This panel looks to literature and poetry as resources for the philosophy of religion. It seeks to find common forms of inquiry and insight across different genres of writing. Some of the papers pair poets with philosophers in order to find ways in which each illuminates the other. Other papers treat poetry or fiction as themselves a form of philosophizing. Some of the figures considered are: Adrienne Rich, Søren Kierkegaard, Walter Benjamin, Clarice Lispector, and W. E. B. du Bois.
Drawing on a hueristic that combines Walter Benjamin's concept of history with Martin Buber's philosophy of dialogue, this paper argues that Adrienne Rich's poetry exemplifies an intentional relation to histories of oppression, and that she deserves a more prominent place in the history of queer theory. With an underlying philosophical paradigm provided by Buber and Benjamin, I interpret a selection of Rich's essays and poems, framing her poems as 'artifacts of saying You to the wreckage of history,' particularly to the history of hetero-patriarchal oppression. This framework underscores Rich's prescient, perhaps still underappreciated contribution to queer theory, provides an example of how the resources of religious thought and poetry can come together to offer fresh perspectives on philosophy, and highlights poetry's capacity for imagining and conveying new modes of being in the world, a capacity that may outstrip that of discursive philosophical prose.

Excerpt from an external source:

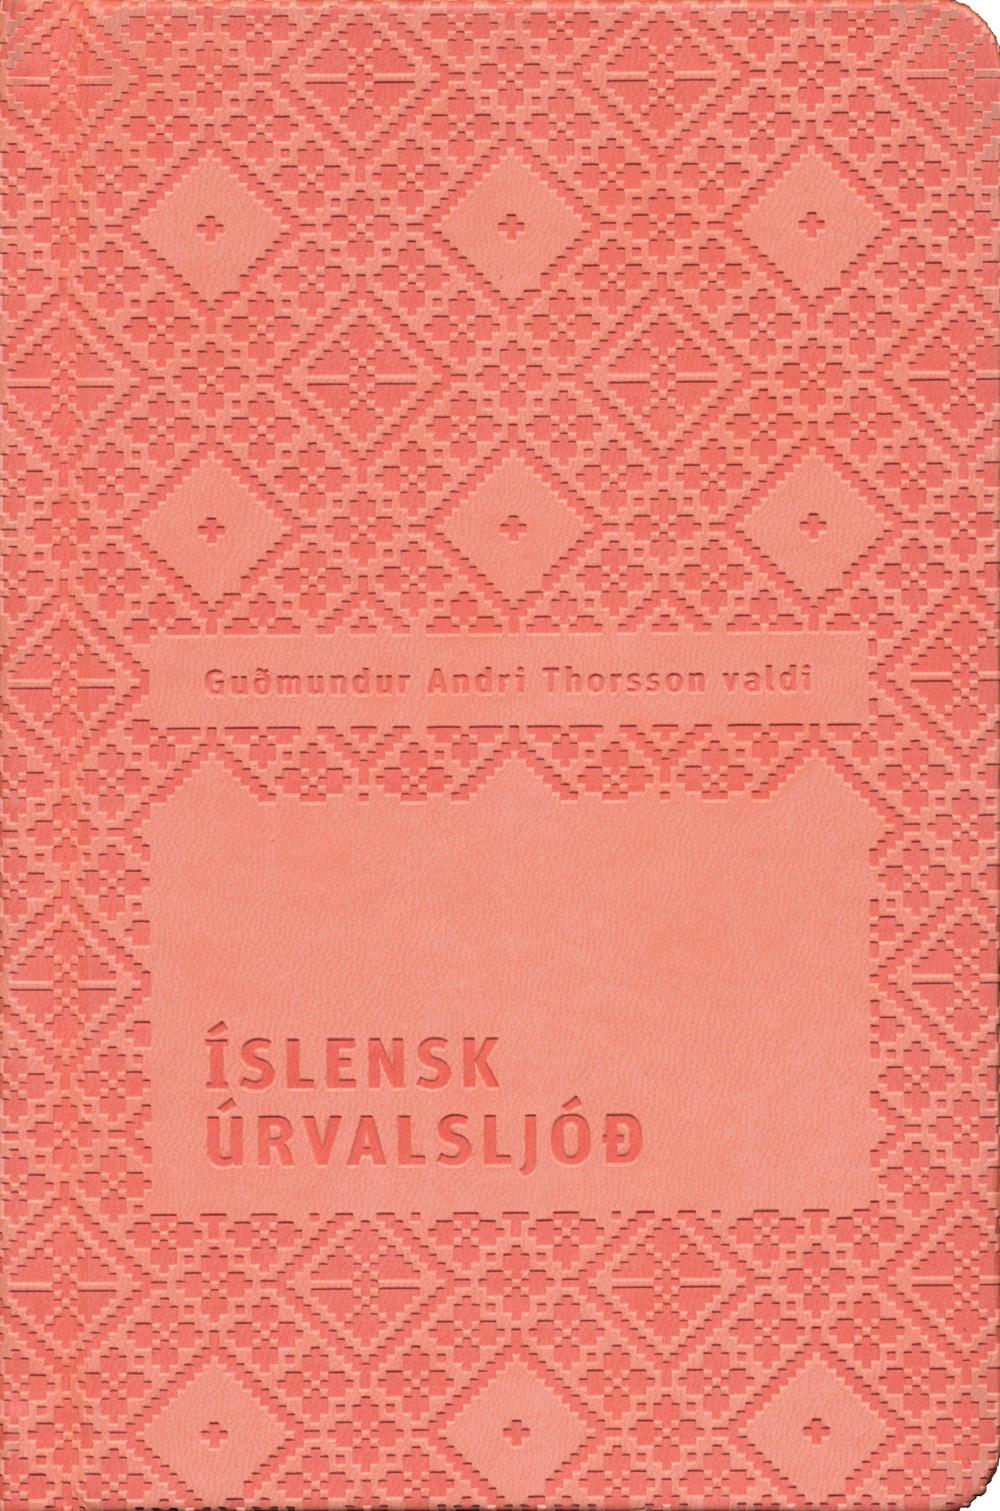 Íslensk úrvalsljóð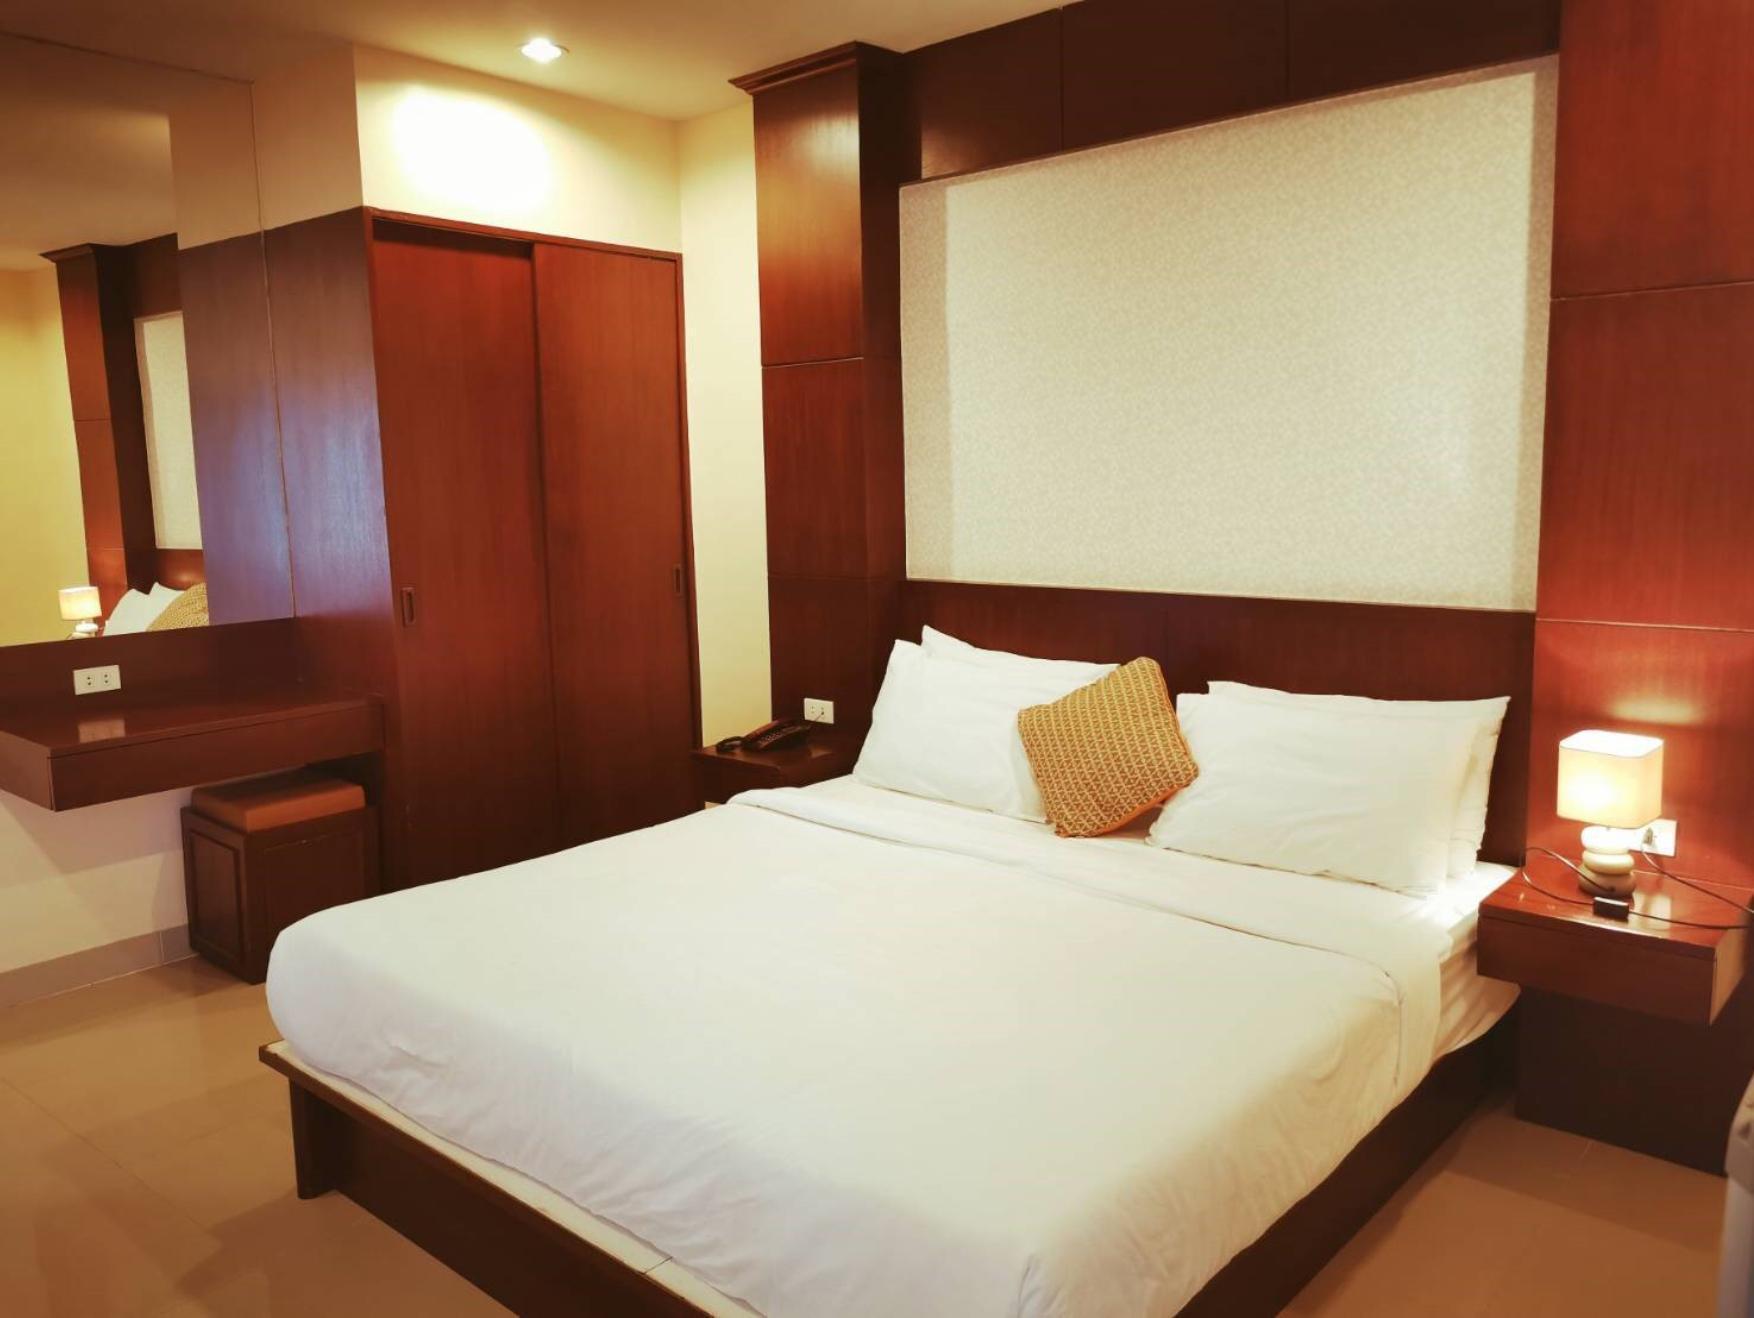 Skama Residency อพาร์ตเมนต์ 21 ห้องนอน 21 ห้องน้ำส่วนตัว ขนาด 60 ตร.ม. – พัทยาใต้

This paper reads Anne Sexton’s “Sickness Unto Death” alongside that of Kierkegaard to argue that literature can serve as the metafiction of philosophy. I suggest that Sexton’s poetic engagement with Kierkegaard makes salient the precise structure of despair’s transformation from experience to expression to concept. Her writing does this by thinking about itself as a participant in the confessional process it facilitates. I argue that this confession embodies despair as a specific structure of the relationship between subject and experience, an at-once literary and existential form which consequently structures expression, communication, and address. Sexton's engagement with Kierkegaard offers us a new way of thinking about the role of literature in philosophy--an alternative what Hollywood, Hammerschlag, and Furey describe as the empty use of "literary texts as exempla for already articulated philosophical views." Instead, her poetry moves us beyond ornamentation and embodiment—and towards the constructive possibilities of metafiction.
Philosophy of religion names a method: a way of asking questions about what we call religion. Literature can do that, too, in ways that can methodologically expand ways of doing philosophy of religion. This paper explores these paths of possibility by turning to Clarice Lispector, whose texts do philosophy by being literature: by doing what literature can do. This paper unpacks this suggestion by turning to _A Breath of Life: Pulsations_. It’s a complicating text, because it’s a transgenred text: a novel that’s a play that’s a kind of autobiography and, maybe, an auto-elegy. By reading _A Breath of Life_ as literature, and attending to the (philosophically speaking) expected and unexpected questions that _A Breath of Life_ poses through its ways of writing, this paper suggests that _A Breath of Life_ can teach philosophy of religion new methodological lessons and offer new possibilities of questioning through literature.
After broadly addressing the question of this session, How literature and poetry contribute to philosophy of religion, I turn to Du Bois. His philosophical reflections and arguments are lyrical and affective; his poetic and literary works are conceptual and argumentative. An intimate dance between the cognitive, lyrical, and affective permeates Du Bois’s works, and they thereby become one answer to the session’s question: literature and poetry contribute to philosophy of religion when they mutually inform each other. In the Souls of Black Folks, Du Bois’s philosophy is written in a lyrical (a literary and poetic) mode; in Darkwater, Du Bois’s poetry and fiction is written in a philosophical mode. And in both books, Du Bois is the master storyteller. Richard Rorty claimed that we need “a turn against theory and toward narrative.” Contrary to Rorty, I recommend a turn to a poetic narrativist philosophy as exemplified by Du Bois.